Akehono Panyukurmu, Supoyo Lali Carane Sambat


Oleh: Rut Sri Wahyuningsih

Hem..pelajaran bahasa Jawa terakhir tahun berapa ya? hehehe..kadang prihatin juga lihat anak-anak zaman sekarang. Bahasa ibu gak pakai bahasa asingpun gak mumpuni. Sehari-hari anak di rumah berkomunikasi dengan orangtua berbahasa Indonesia. Sementara diluar   dengan bahasa jawa, meskipun ngoko gak kebayang aja mereka ternyata lebih banyak kosakata Jawanya dibanding di rumah.


Belum lagi pelajaran bahasa di sekolah, bahasa Inggris, Jerman, Jepang, Korea dan lain-lain siswa dituntut bisa. Demikian juga dengan bahasa Arab, namun bahasa yang terakhir jarang peminatnya. Kalau sekarang mau kursus bahasa Arab selalu ditanya, "Mau kemana kog belajar bahasa Arab, mau jadi TKW ya.."


Hem...dasar otak sumbu pendek, apakah belajar bahasa Arab itu hanya untuk bekerja di Arab. Apa mereka tidak tahu, bahwa  bahasa penduduk Surga adalah bahasa Arab?


Eitss...ngelantur..saya bukannya mau cerita soal bahasa, namun tulisan yang ada dipunggung sebuah mikrolet. Seperti biasa, ini hasil dari gojek anak dari dan ke sekolah.

Makna tulisan yang saya buat judul dalam banget. Terjemah bebasnya banyak-banyaklah bersyukur supaya lupa caranya mengeluh.

Memang salah satu sifat manusia adalah banyak mengeluh. Allah berfirman,“Sesungguhnya manusia diciptakan bersifat suka mengeluh. Apabila dia ditimpa kesusahan dia berkeluh kesah dan apabila mendapat kebaikan dia menjadi kikir.” (QS. Al-ma’arij: 19-21)
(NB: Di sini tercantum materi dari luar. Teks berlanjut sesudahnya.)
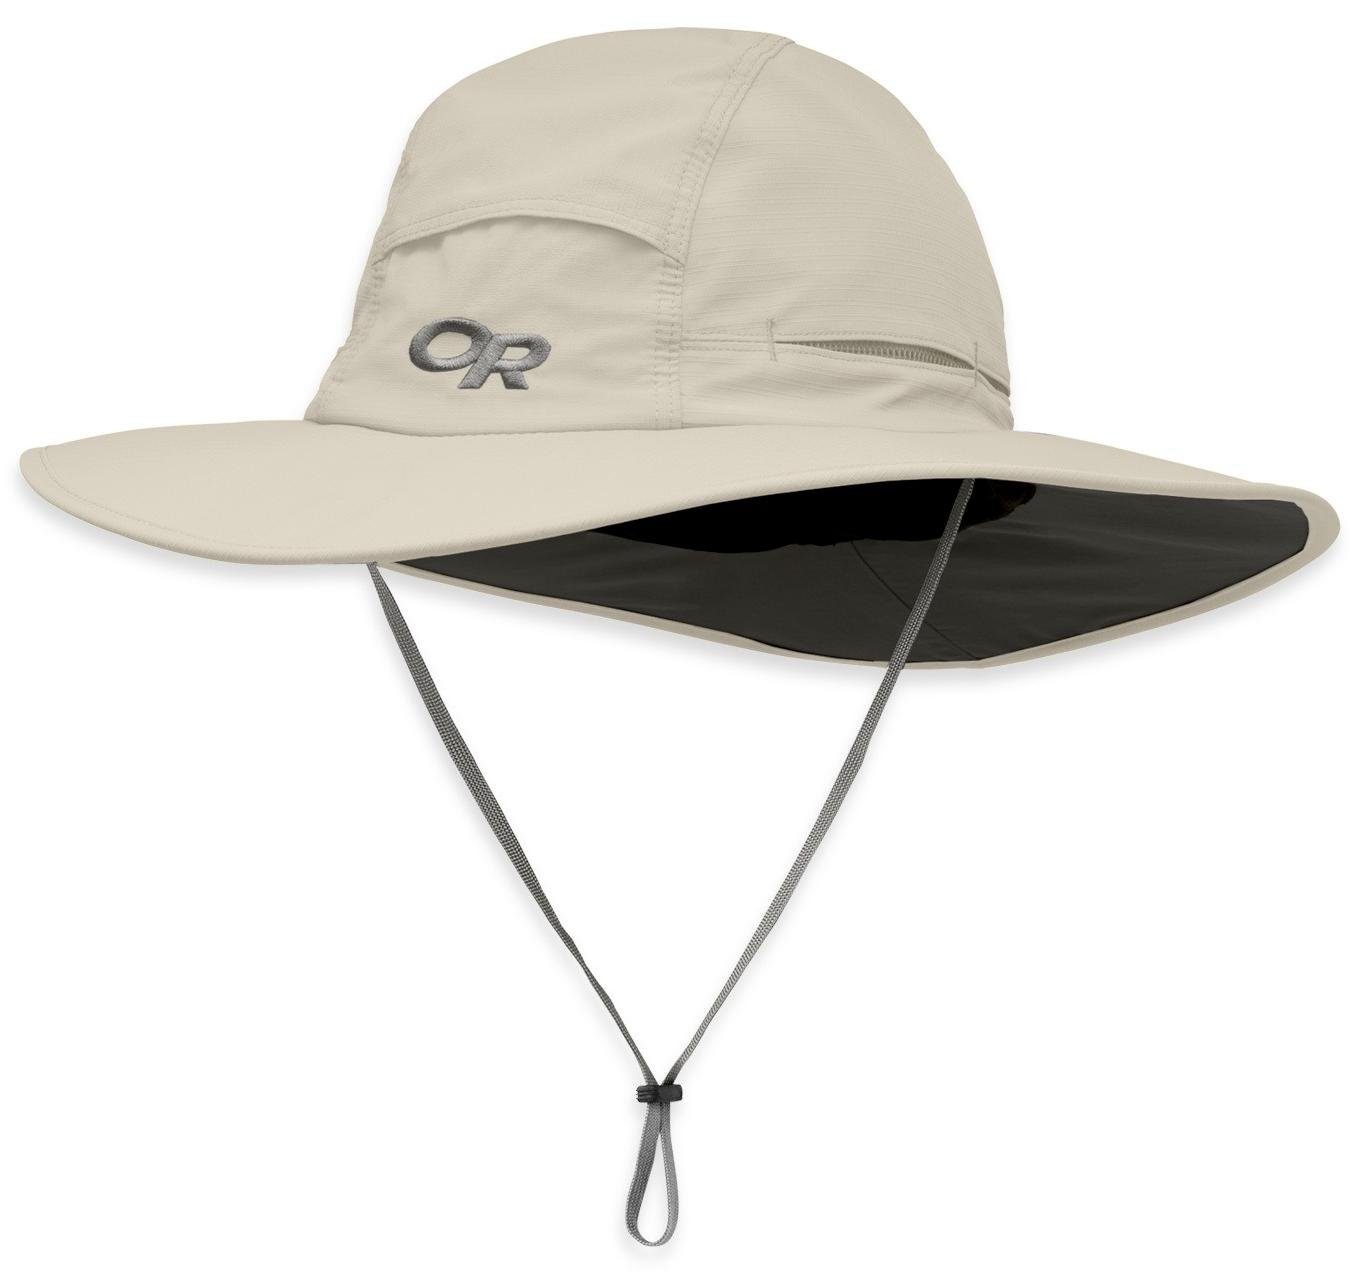 Outdoor Research Outdoorhut Outdoor Research Sombriolet Sun Hat 0910

Maka sifat itu akan selalu melekat dalam diri manusia sepanjang dia tak berusaha mencari solusinya. Keluhan itu muncul karena adanya ketidaknyamanan dari sebuah persoalan dan ketika harus mencari solusi tak mendapatkan yang pas. Namun tak jarang keluhan muncul karena kurang sabar, inginnya segala sesuatu sesuai keinginannya dan tanpa memikirkan  bagaimana prosesnya. Maunya instan.

Padahal, menikmati proses itu adalah penting, sehingga kita benar-benar akan menghargai kegagalan maupun kemenangan.  Terkait persoalan hingga membuat manusia mengeluh itu ada tidak pada zaman ini saja, para Nabi dan Rasulpun diuji dengan keluhan. Terlebih mereka adalah qudwah dan teladan umat pada masanya. Ada nabi Nuh yang mengeluhkan umatnya yang tak mau beriman kepada Allah, nabi Musa tentang ayahnya yang menjadi pemahat patung berikut memujanya.

Nabi Luth dengan prilaku kaumnya yang kelewatan. Nabi Muhamad dengan pamannya yang besar jasanya kepada Islam namun enggan bersyahadat dan lain-lain. Padahal, obatnya hanya satu, yaitu banyak bersyukur. Dan para Nabi dan Rasul pulalah contoh bersyukur yang terbaik.

Allah berfirman dalam Surat Ibrahim 14:7 :

“Sesungguhnya jika kamu bersyukur, pasti Kami akan menambah (nikmat) kepadamu, dan jika kamu mengingkari (nikmat-Ku), maka sesungguhnya azab-Ku sangat pedih.”

Banyak bersyukur itu perintah Allah. Bisa dengan zikir, salat dan amal ibadah yang lain. Namun ada yang lebih baik dari semua itu, yaitu berjuang  menerapkan seluruh syariat Allah, karena itulah hal yang paling urgen hari ini. Dengan banyak bersyukur, mengkaji pelajaran dan kemudian menerapkannya, kita akan tahu kemana arah melangkah.

Hidup menjadi lebih produtif. Menghasilkan amal-amal yang terbaik hingga tak lagi mengingat bagaimana caranya mengeluh. Karena mengeluhpun tak menyelesaikan persoalan. Terlebih jika sudah tahu solusinya hanyalah Islam. Maka jika ada manusia yang mengaku muslim namun enggan dengan solusi Islam bahkan menentang atau mengambil pendapatnya sendiri jelas keIslamannya patut dipertanyakan.